Abstract
Synovial fluid samples and/or biopsies from 79 patients with various chronic inflammatory joint diseases or traumatic joint injury were tested for rubella virus (RV) in order to confirm or refute results from other studies that suggested RV as a cause of chronic inflammatory joint disease. Sixty-eight of the 72 patients tested had RV antibodies. RV RNA was detected by reverse transcription-PCR in the synovial fluid cells from two patients. RV was also isolated by cell culture from the synovial fluid of one of these two patients. This patient was a 42-year-old female with common variable immune deficiency and Mycoplasma hominis arthritis, while the other was a 68-year-old female with rheumatoid arthritis. While these results fail to confirm that RV is associated with chronic inflammatory joint disease, they suggest that RV may persist within a joint and be reactivated when cell-mediated immunity is suppressed.
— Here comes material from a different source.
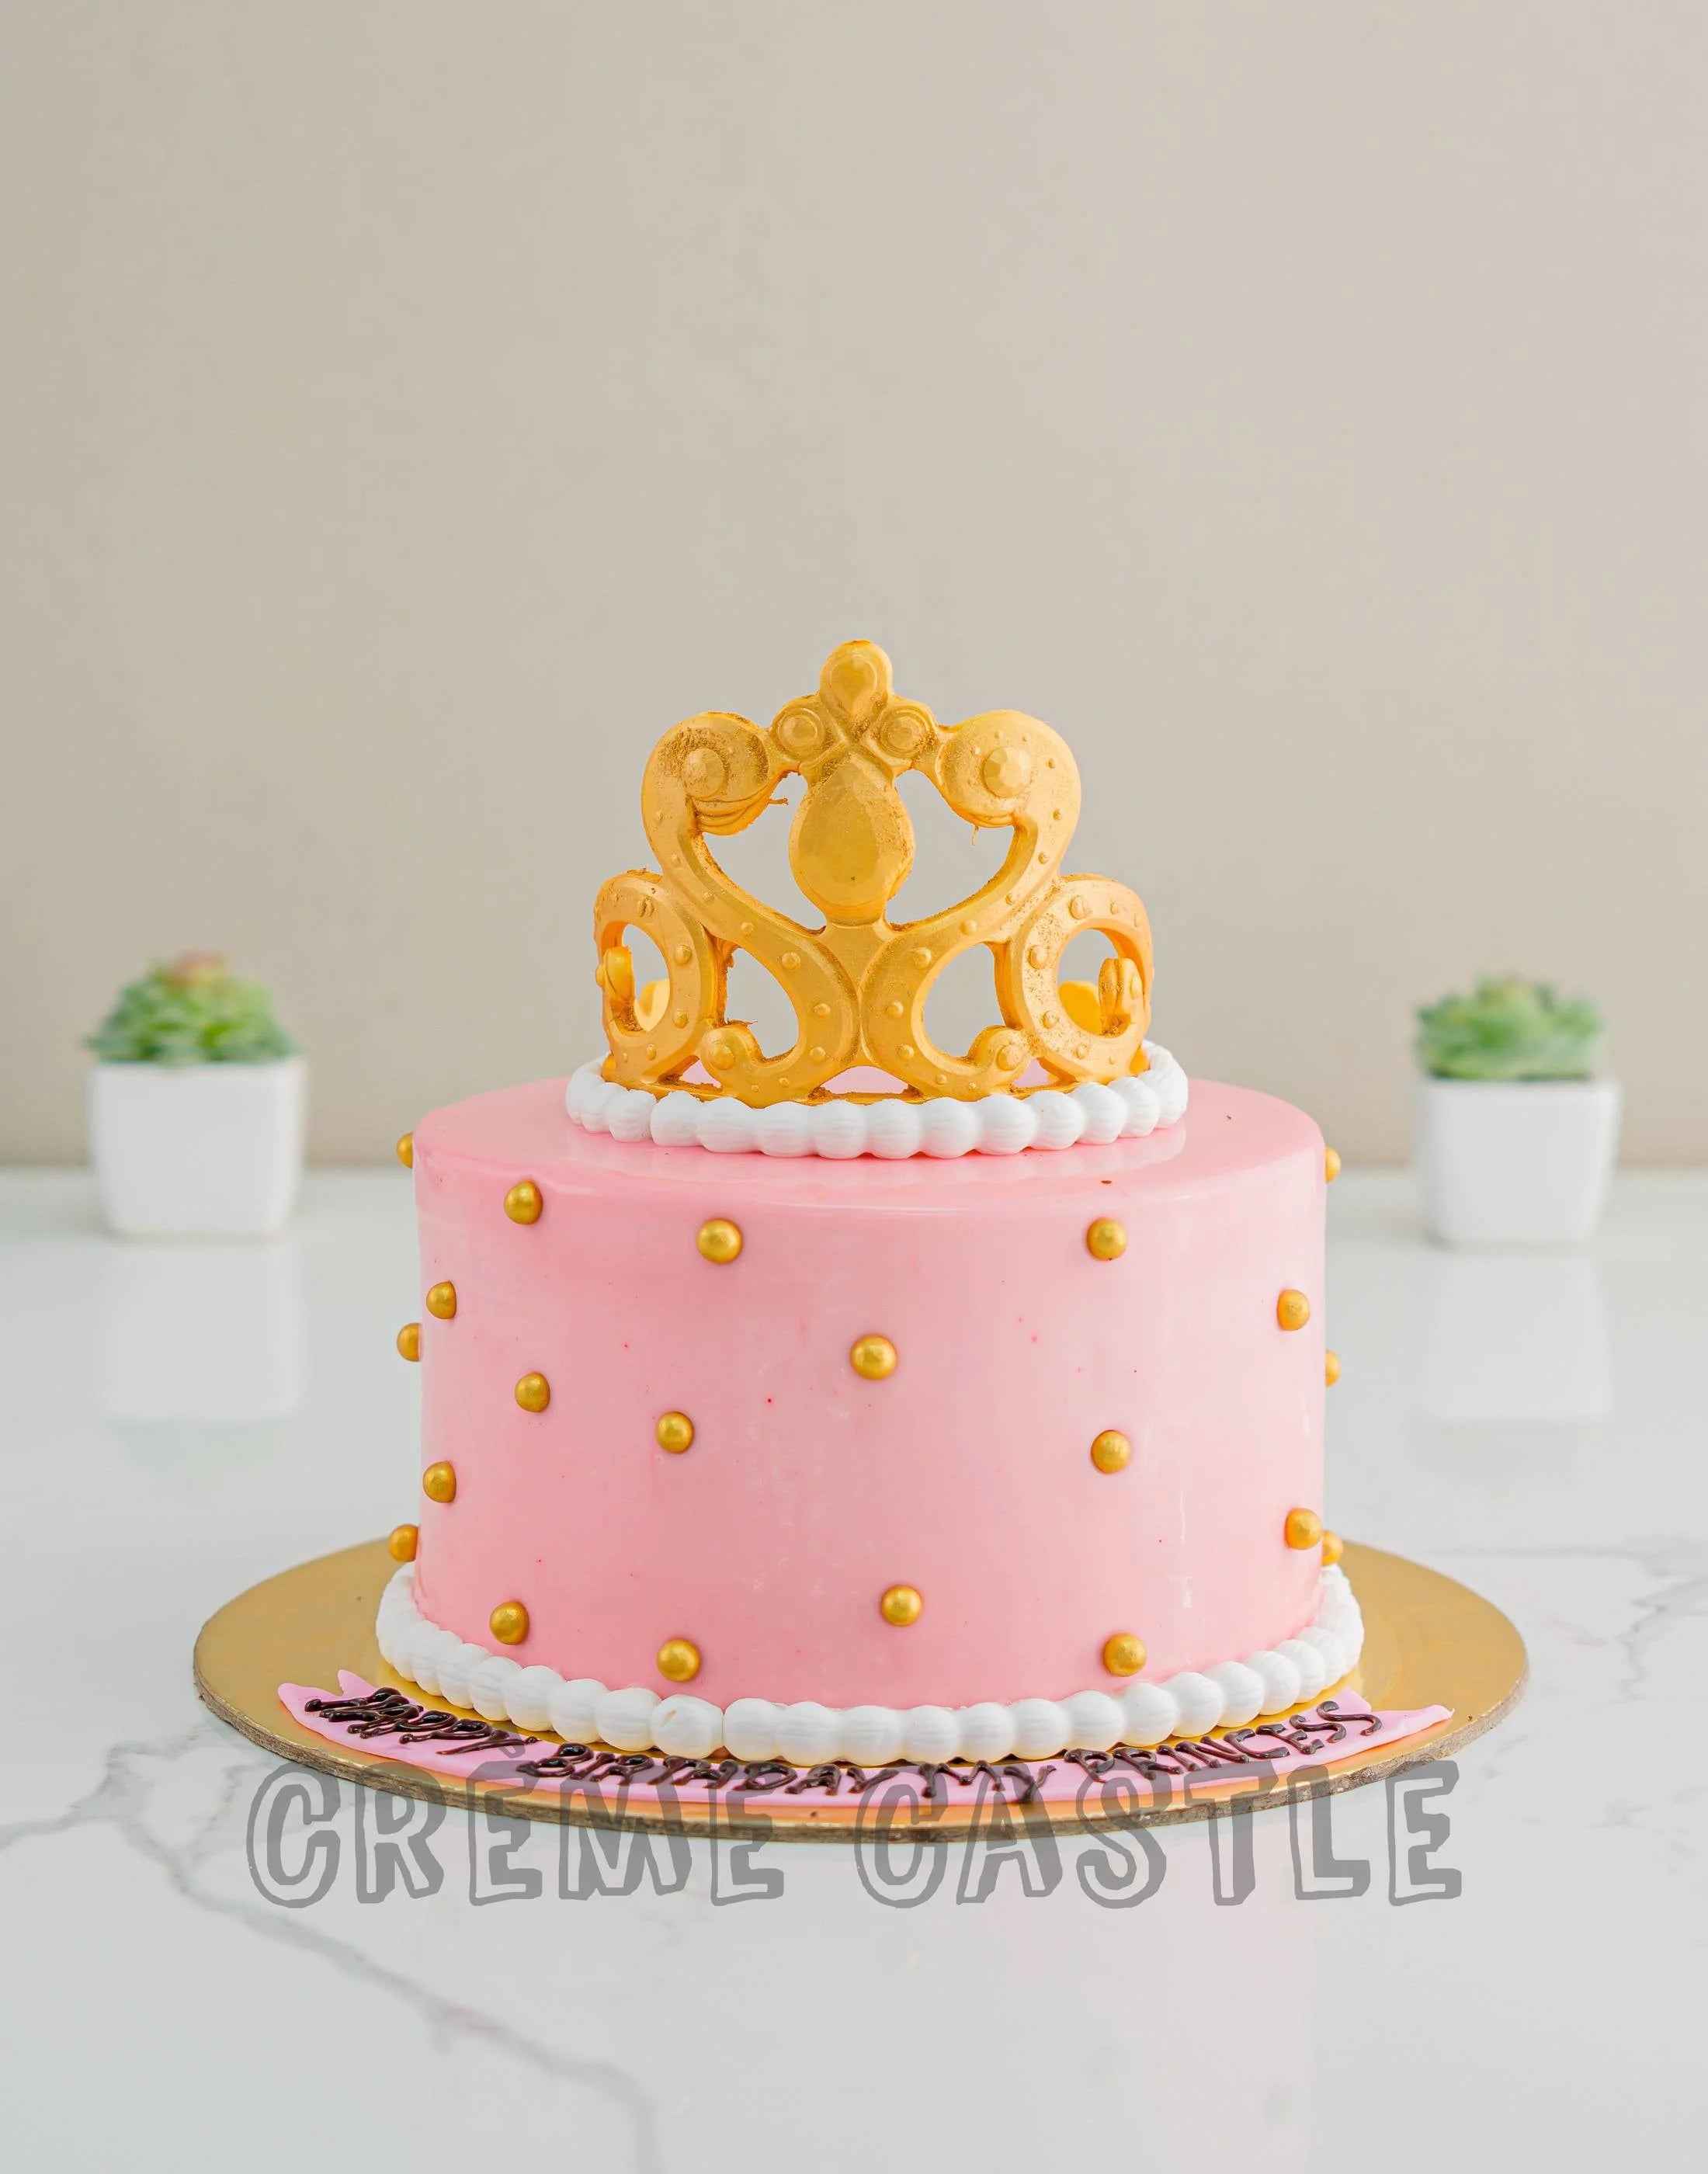 Princess cake, but make oldschool. : r/cakedecorating
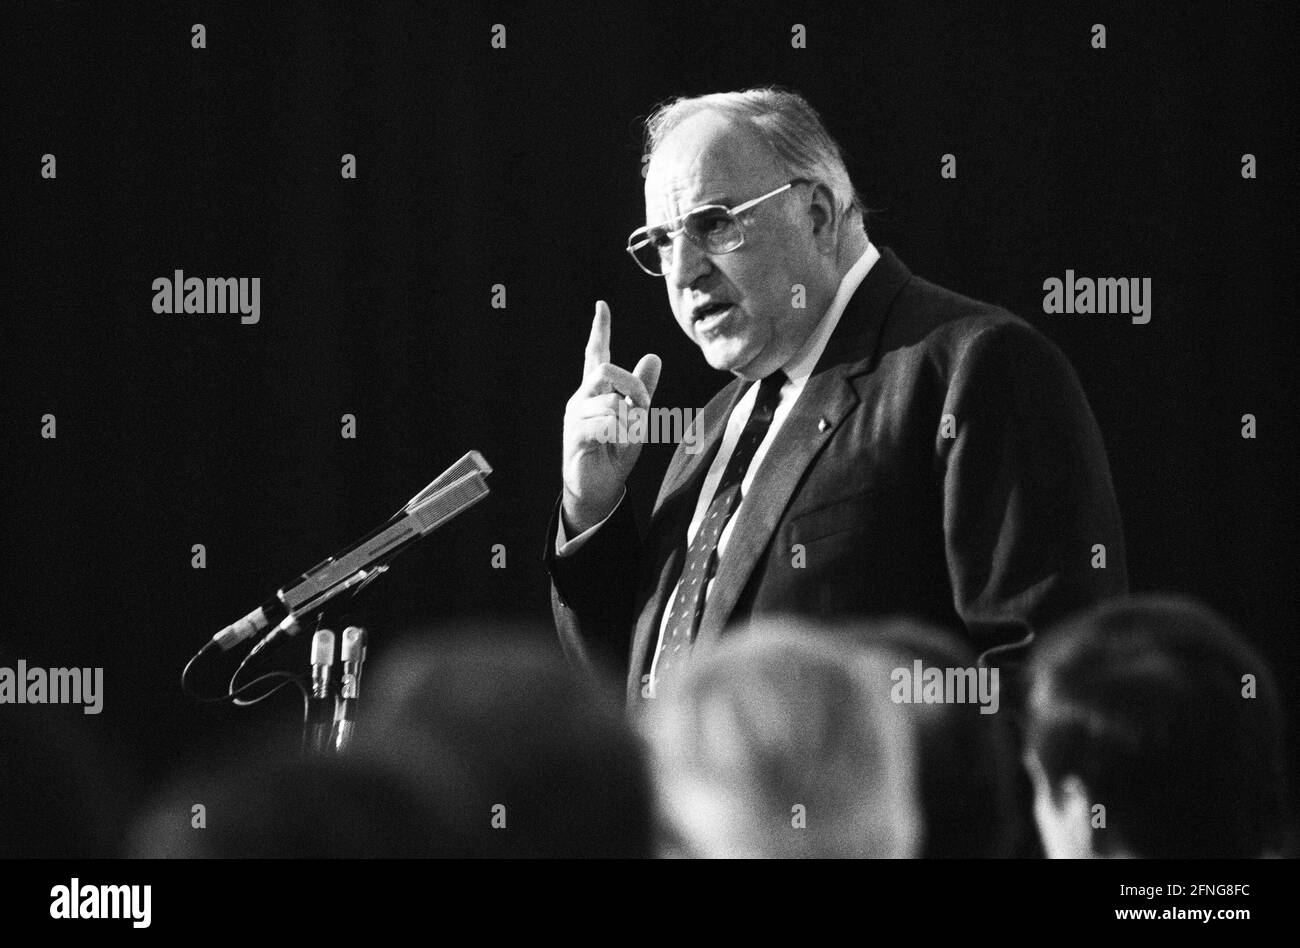 Germany, Hanover, 13.10.1989. Archive No: 09-52-06 CDU state party conference Lower Saxony Photo: CDU Federal Chairman Helmut Kohl [automated translation] Stock Photo

Joint symptoms are a complication of naturally acquired rubella and have been reported to occur in more than 50% of adult females with rubella but are rare among children and adult males with rubella (20). Symptoms are usually transient and vary in severity from joint pain alone (arthralgia) to frank arthritis. Following vaccination, joint symptoms occur less frequently (in 8 to 40% of vaccinees) and are usually less severe and of shorter duration than those that occur following naturally acquired rubella, although there is some variation, depending on the vaccine strain used (3, 20). Rubella virus (RV) has been isolated from joint aspirates following natural infection and vaccination (reviewed in reference 1).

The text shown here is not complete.